Angelica nodded graciously. She pulled a notebook from her bag and let the purse slide to the floor, then, with another dazzling smile, took his hand.

In the front of the room someone giggled. I twisted around to see a heavyset young man in mirrored sunglasses staring at Angelica, his face expressionless, a cigarette dangling from one hand. I had a glimpse of dark eyes and a handsome, broad face with Asian features. Then with deliberate slowness he turned away.

“Are you related to the Wilde?” Angelica was asking Oliver. Her innocent emerald gaze made me kiss the pre-Columbians good-bye.

“Ah, yes. ‘The old somdomite,’” he said, giving her one of his vulpine smiles. “As a matter of fact Vyvyan—his son, Vyvyan—”

But at that moment Professor Warnick cleared his throat.

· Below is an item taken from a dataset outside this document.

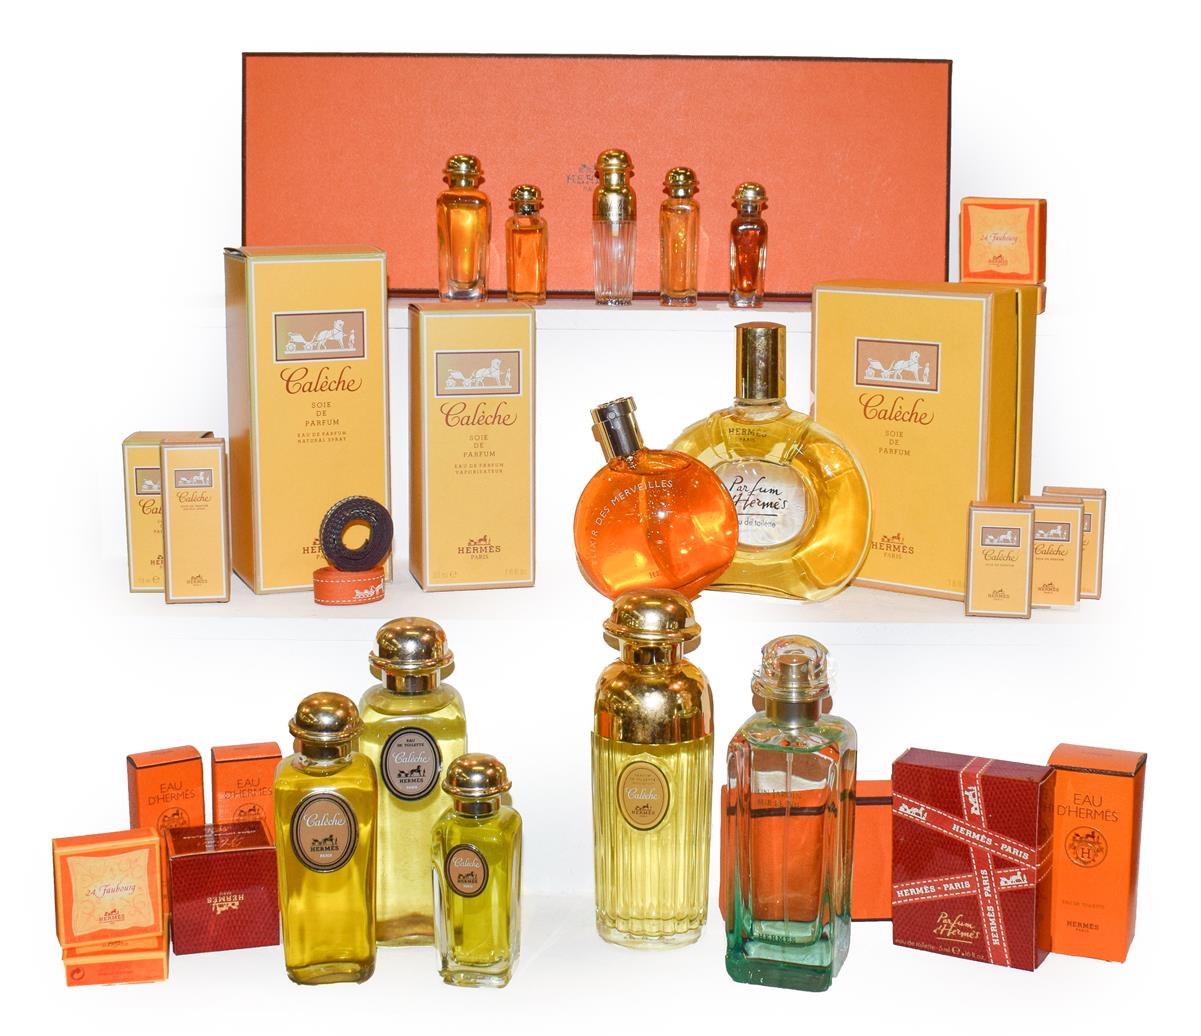 Lot 16 - Assorted Hermes dummy factices and scent bottles, some boxed including Caleche, 24 Fauborg,...

“Good morning, gentlemen and ladies. Welcome to the University of the Archangels and Saint John the Divine.”

One of the other students called back, “Good morning!” and another laughed. Professor Warnick gave a small tight smile, more like a stoat baring its teeth, and glanced at the papers in his hand. He was a diminutive man, his longish black hair touched with grey, but with a young, rosy face and blue eyes that blazed almost angrily beneath thick black eyebrows. He looked comfortable at his podium, despite clothes as ill suited to the weather as my own: a stylish and expensively tailored suit of charcoal black worsted, cream-colored shirt, and an expansive paisley tie of purple and poison green. The podium he leaned against had been specially designed for him. Its brass fittings were set into richly gleaming wood—rowan, I was to learn, and ancient oak imported from Aylesbury—the whole thing set upon polished casters that squeaked malevolently when it was wheeled from classroom to classroom. It might have been all of four feet tall, and Professor Warnick himself perhaps a foot taller.